### [Problem to solve]
In this exercise, print only the lines of the records below from the one with "DUNKERQUE: Souvenir De" through the one with "Presseschau Pokémon Go Prisma Google", inclusive. Pictures are not part of the copy.

### [Source data]
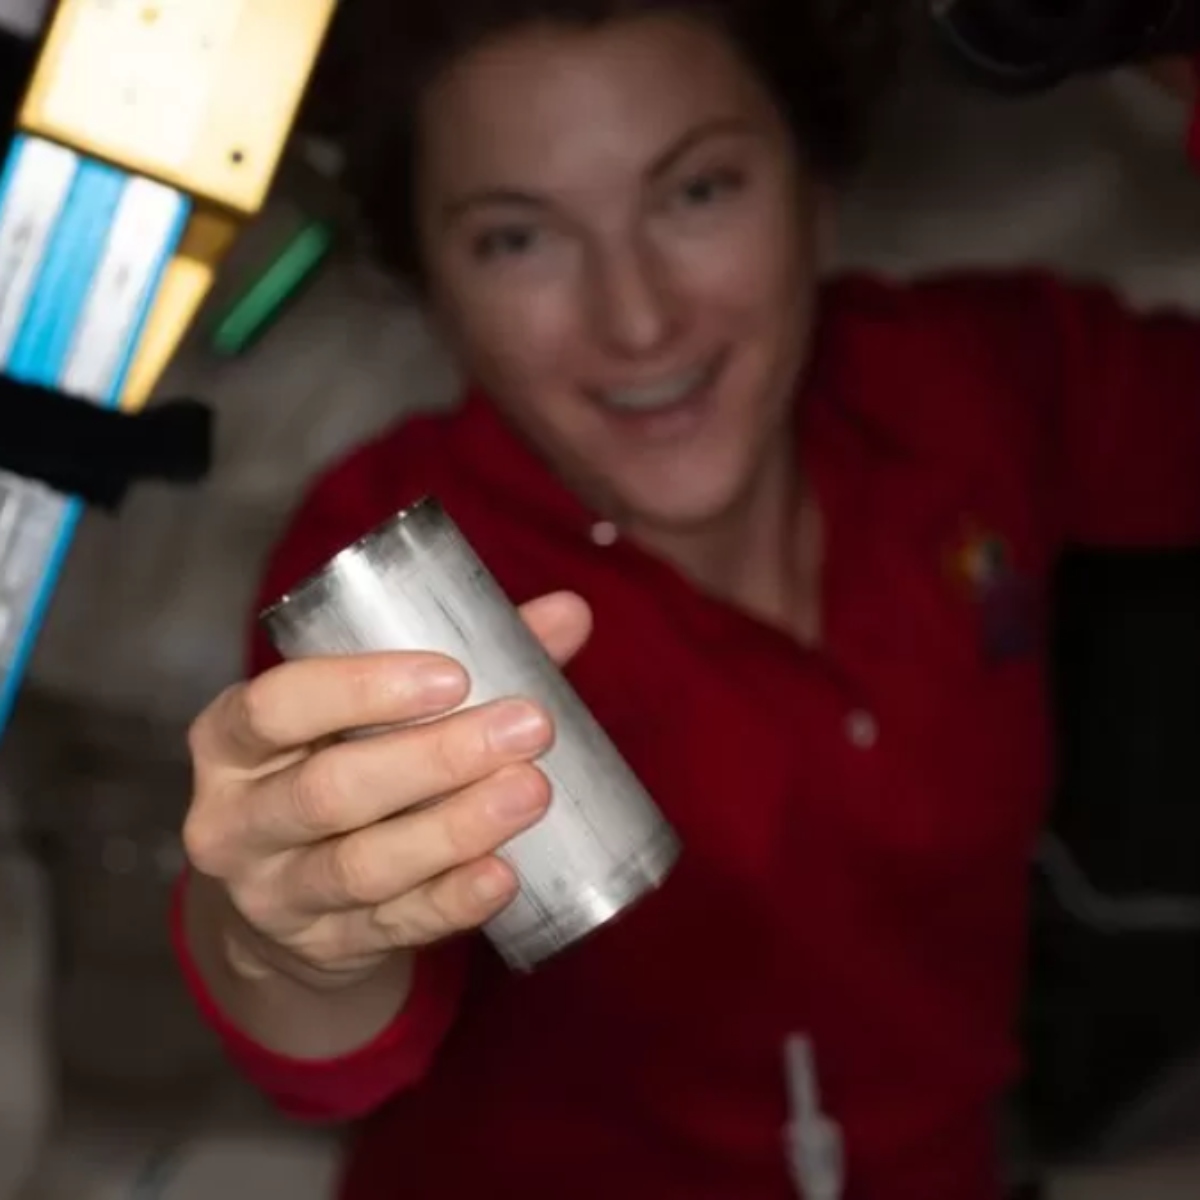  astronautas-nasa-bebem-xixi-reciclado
...
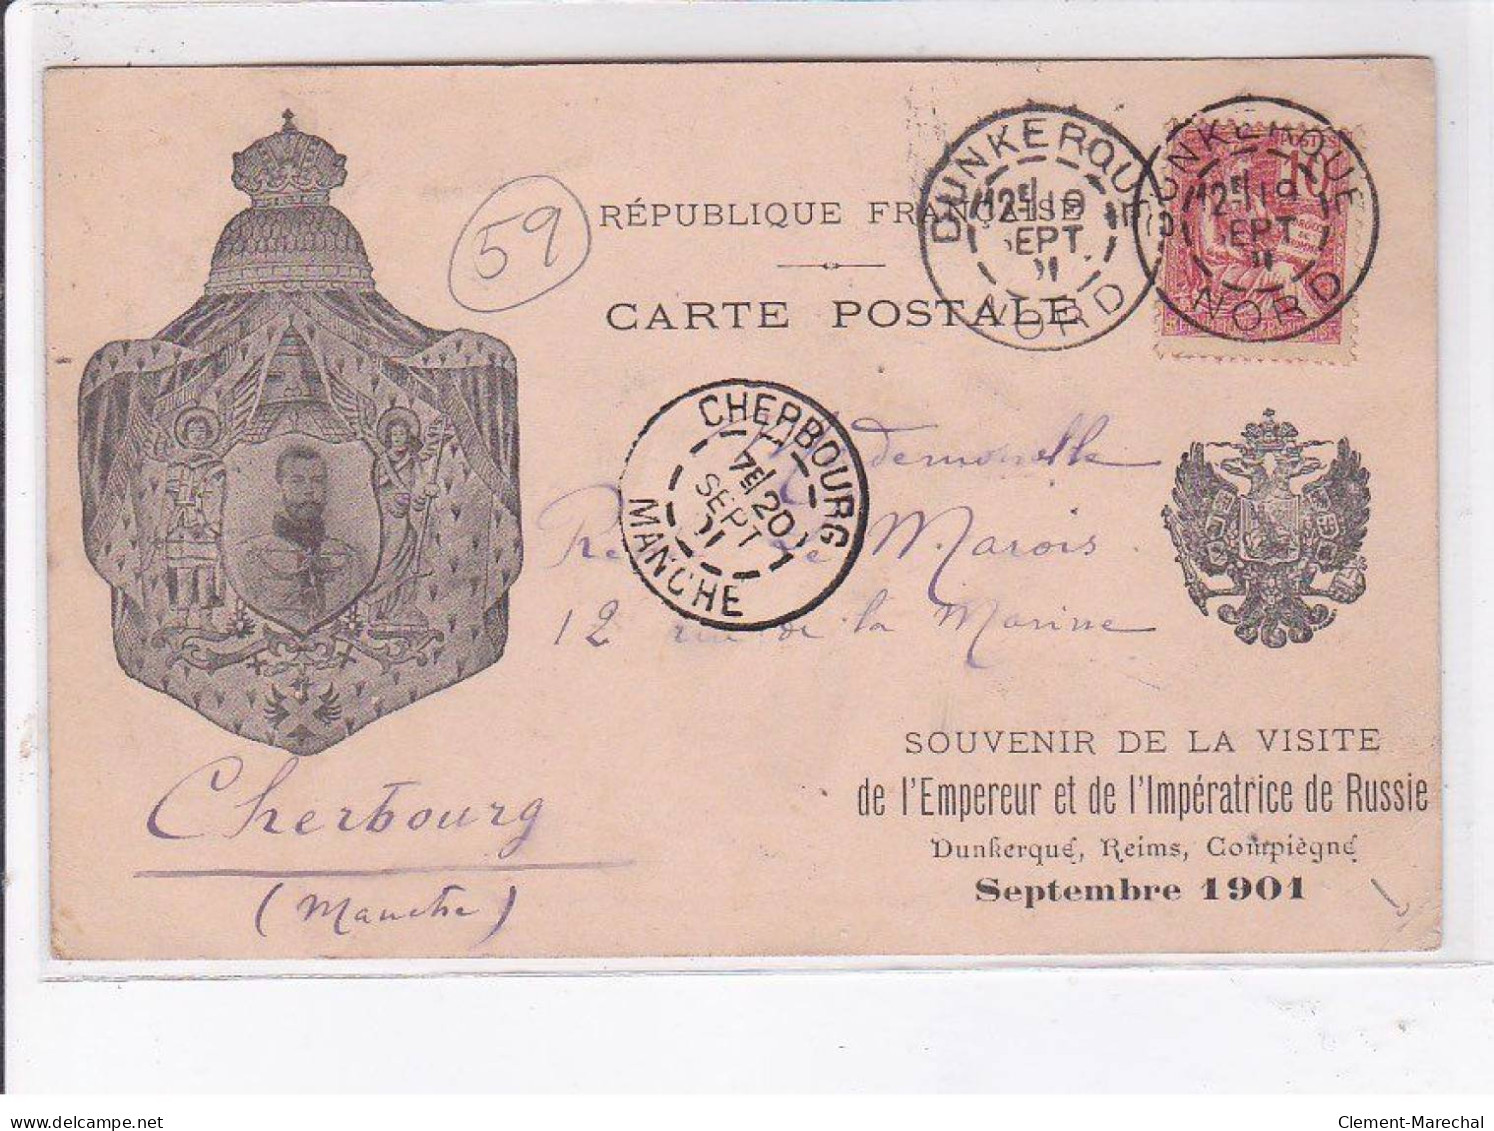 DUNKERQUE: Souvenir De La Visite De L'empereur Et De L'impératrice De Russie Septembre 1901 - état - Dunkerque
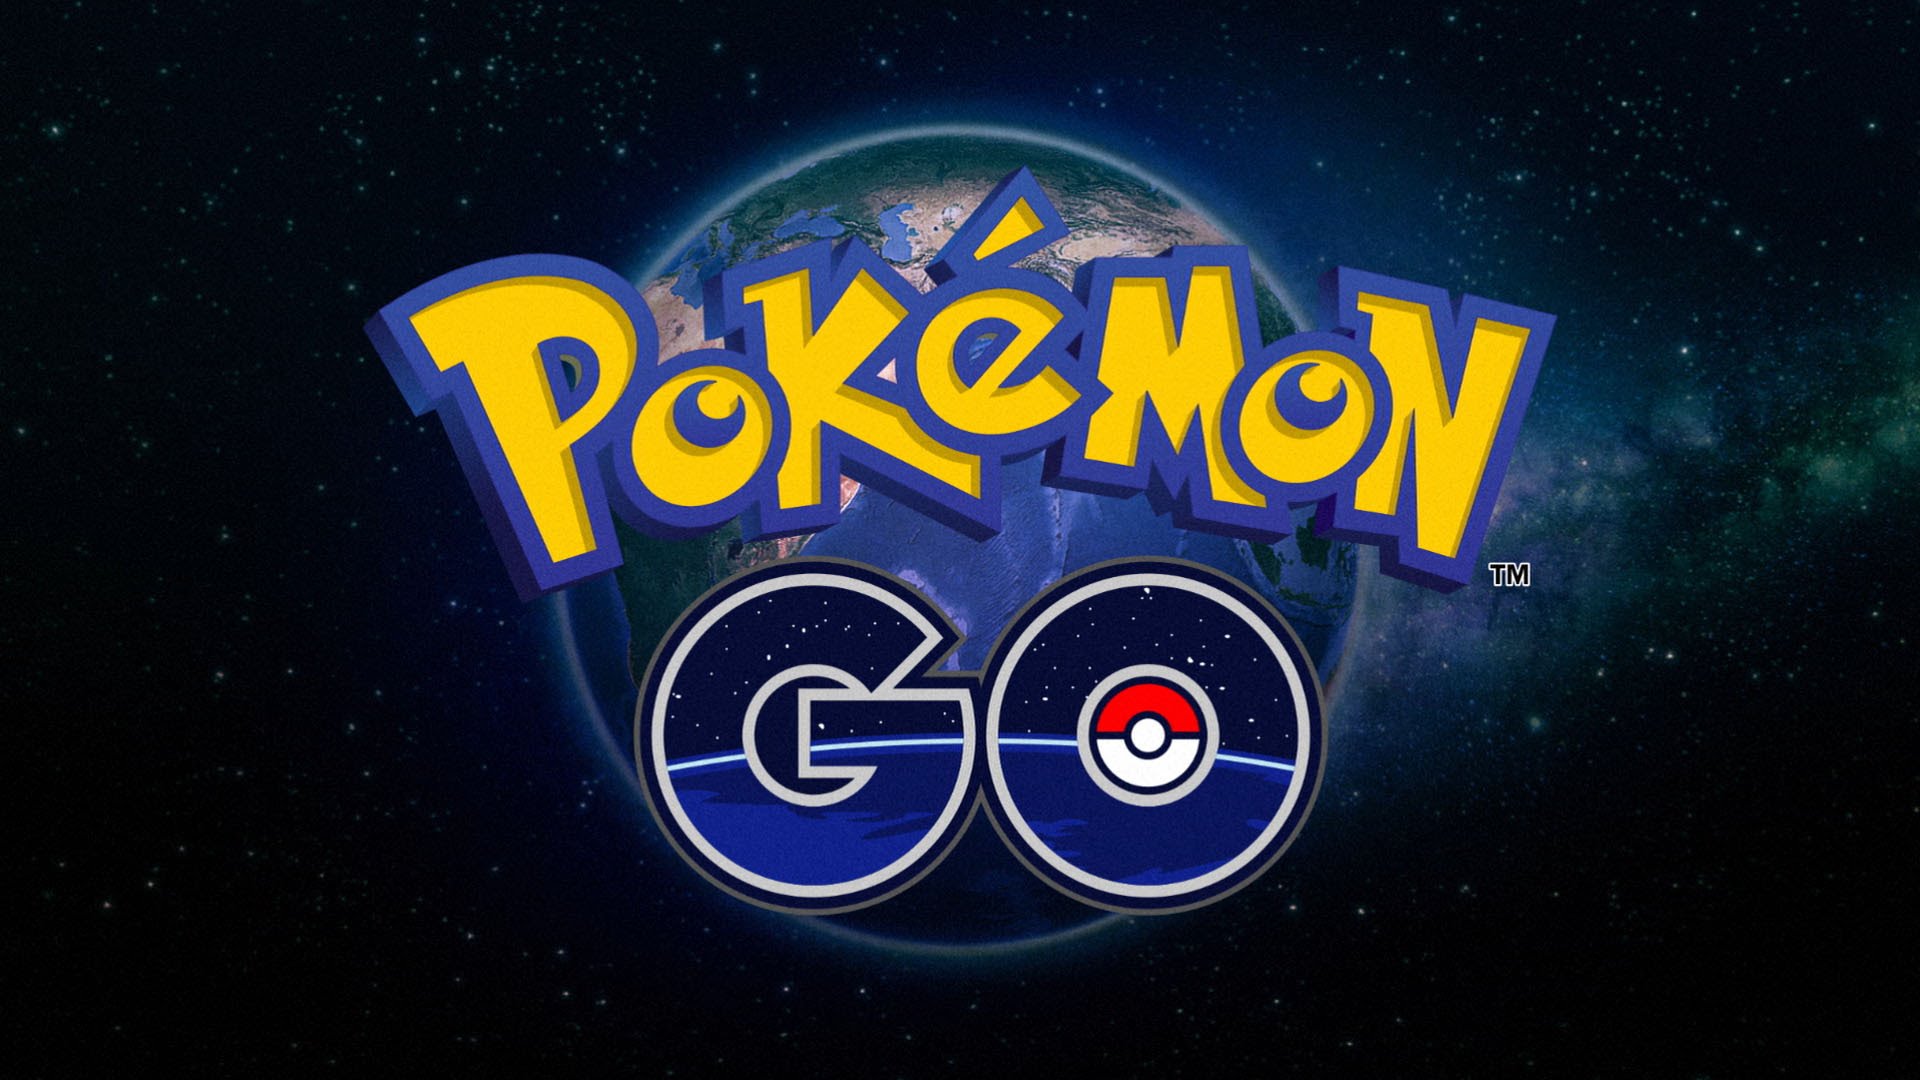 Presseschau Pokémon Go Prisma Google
--
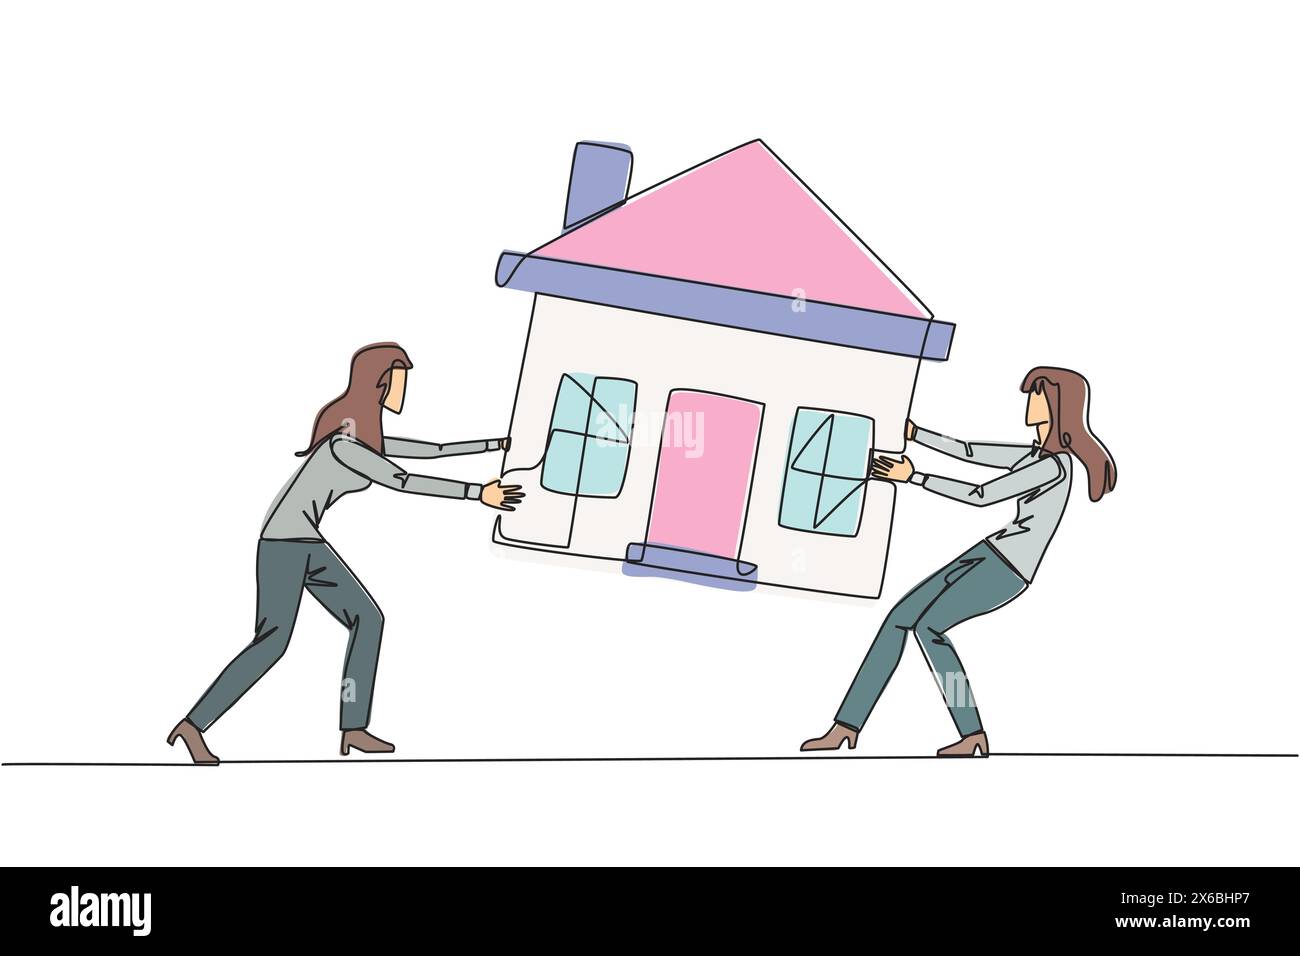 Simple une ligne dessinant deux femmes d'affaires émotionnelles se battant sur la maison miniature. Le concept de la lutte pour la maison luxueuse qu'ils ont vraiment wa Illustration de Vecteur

### [Answer area]
 DUNKERQUE: Souvenir De La Visite De L'empereur Et De L'impératrice De Russie Septembre 1901 - état - Dunkerque
 Presseschau Pokémon Go Prisma Google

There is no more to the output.